--- What is being asked ---
Given the records below, would you repeat exactly the lines that begin at the one containing "Taller Sorollos (Estimats" and end at the one containing "狗狗币之日 Doge价格还能再涨多少?", inclusive?

--- Data in this exercise ---
►

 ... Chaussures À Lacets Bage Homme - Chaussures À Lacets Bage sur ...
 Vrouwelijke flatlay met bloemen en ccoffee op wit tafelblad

◄
►

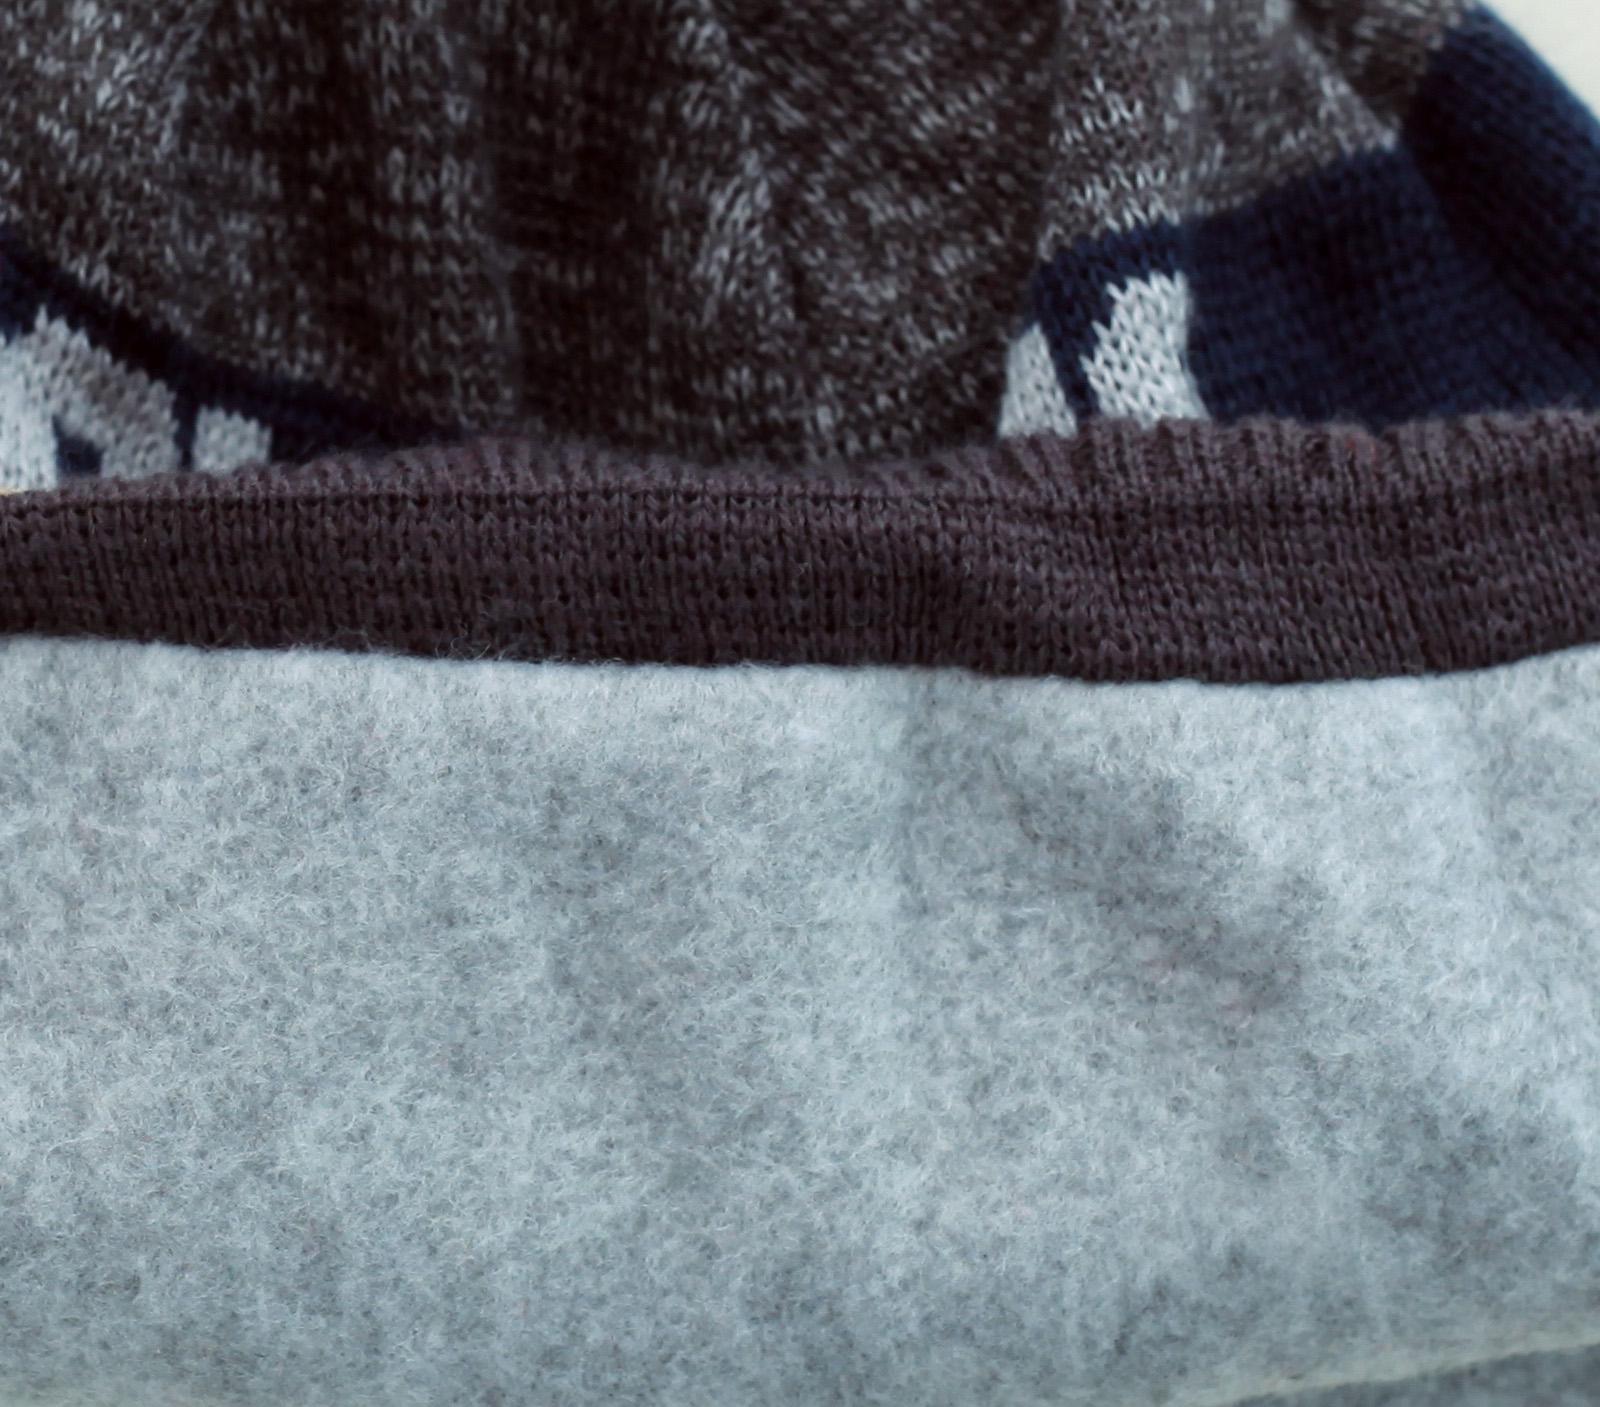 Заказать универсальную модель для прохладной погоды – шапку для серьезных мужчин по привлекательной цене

◄
►

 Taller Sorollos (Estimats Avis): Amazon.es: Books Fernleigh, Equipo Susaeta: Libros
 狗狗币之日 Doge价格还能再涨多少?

◄

--- Answer ---
 Taller Sorollos (Estimats Avis): Amazon.es: Books Fernleigh, Equipo Susaeta: Libros
 狗狗币之日 Doge价格还能再涨多少?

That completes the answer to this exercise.